On August 2, 1870, the family was in San Francisco, California with seven children. Edward, the eldest son, lived with servants and was taught by tutors and in public schools. His life in the west was one of which his father was a senior military officer, a decorated Civil War hero and he was "his father's son." His life was privileged compared to others. As he grew up he watched both military officers and men show respect and courtesy to his parents. Later young Edward attended the public school in Omaha, Nebraska. He was appointed to the U.S. Naval Academy in 1876, but withdrew after his second year.

In 1879 he was appointed second lieutenant in the 22nd Infantry Regiment, U.S. Army.

By June 1880 Ord's parents were in San Antonio, Bexar County, Texas. His father was the Commanding General of the Department of Texas. Ord's father retired from the Army on December 6, 1880 after serving 41 years. General Ord began a second career building the Mexican Southern Railroad from Texas to Mexico City. His family stayed in San Antonio.

In 1880, young Edward was stationed at Fort McKavett, Menard, Texas.
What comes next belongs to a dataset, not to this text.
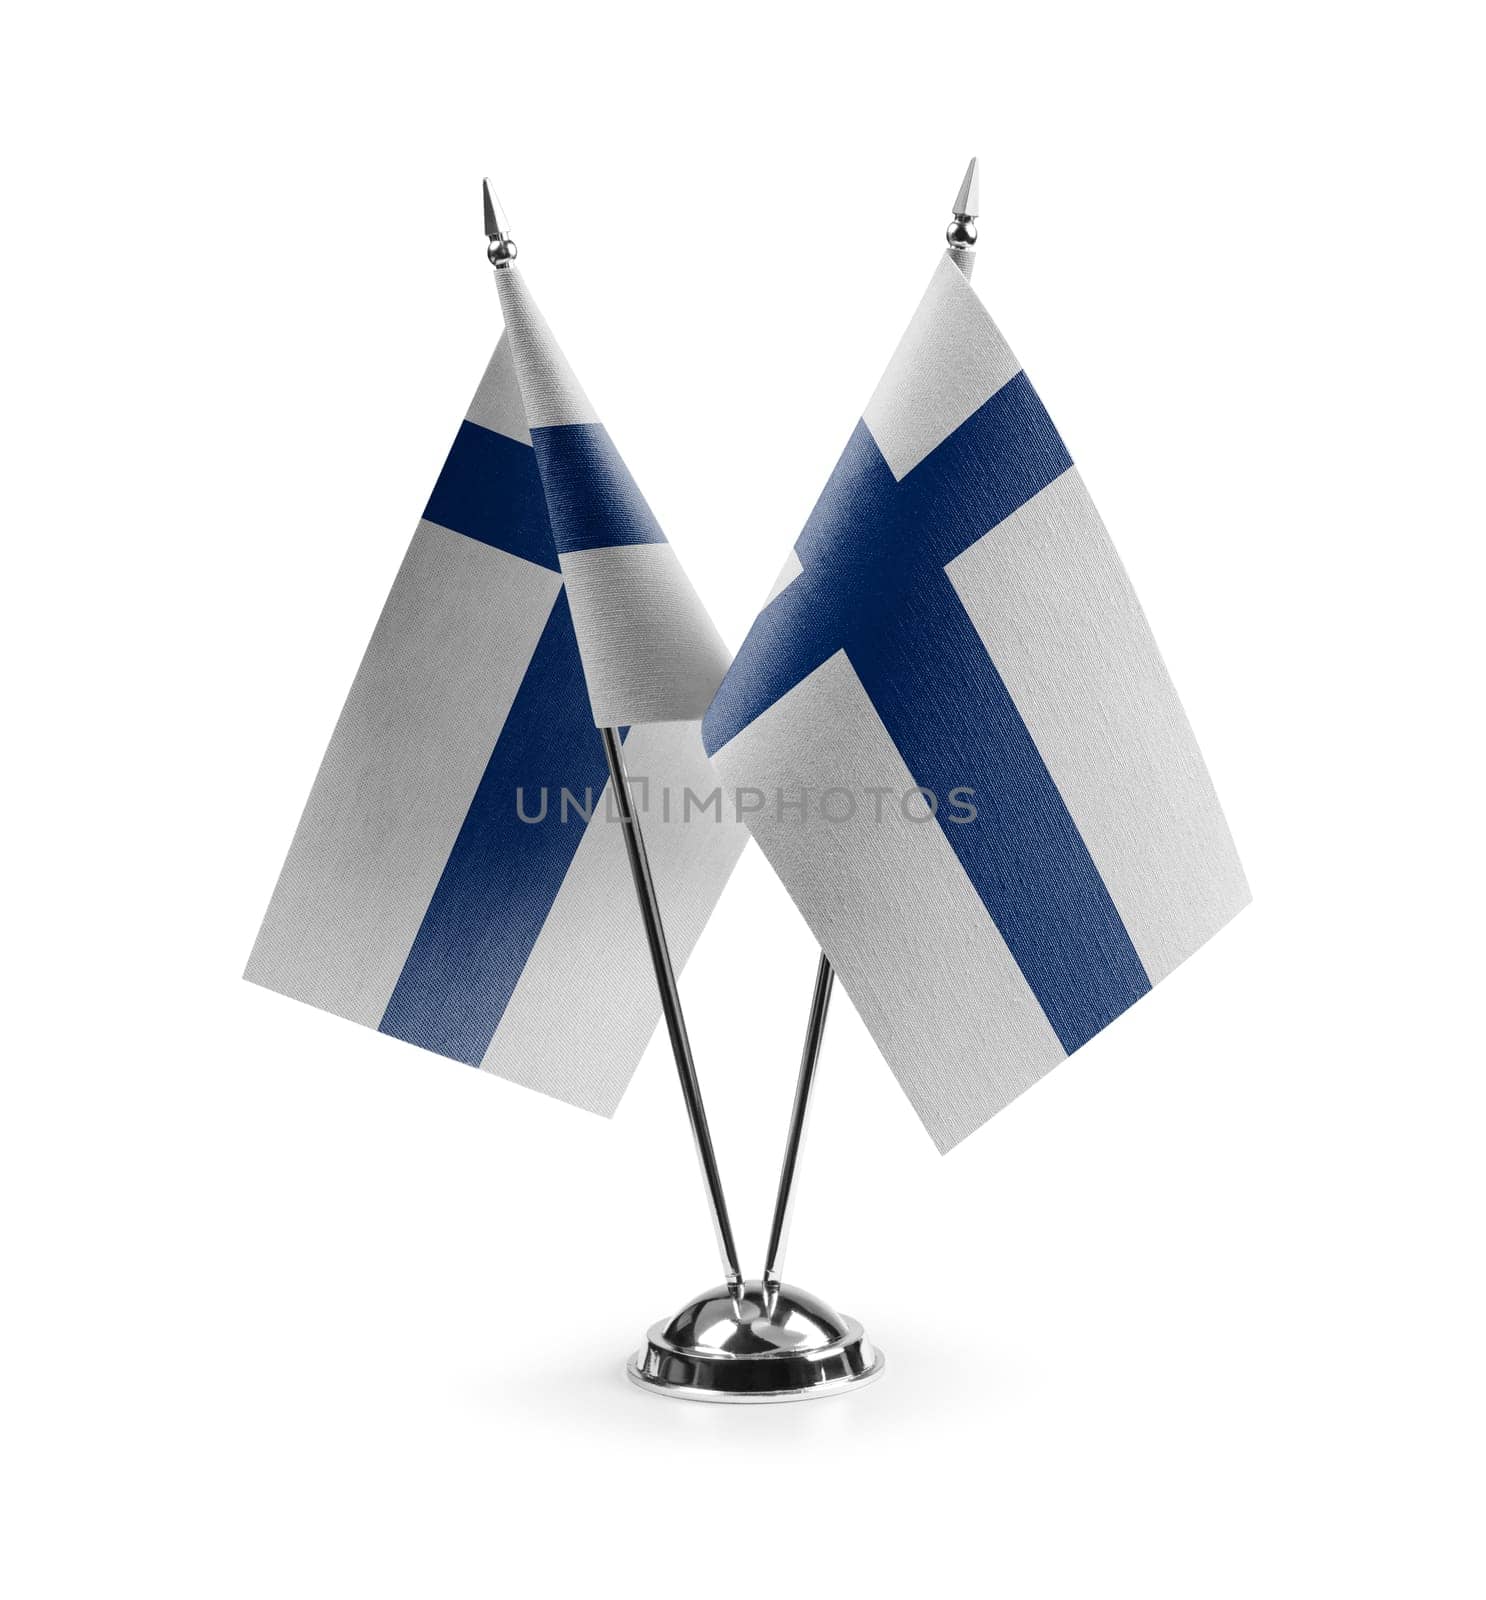 Small national flags of the Finland on a white background.

He married Mary Frances Norton on November 10, 1879 in Bexar County. She was the daughter of Charles Gilman and Frances (Brown) Norton.

They had the following children:
- Edward Ord, born September 1880 in Bexar County, Texas.
- Harry Ord, born October 1881 in Bexar County, Texas.
- James Garesche "Garry" Ord, born October 1886 in Colorado.
- Ellen F. "Nellie" Ord, born October 1889 in Benicia Barracks, Solano, California.
- Mary N. Ord, born October 1895 in Arkansas.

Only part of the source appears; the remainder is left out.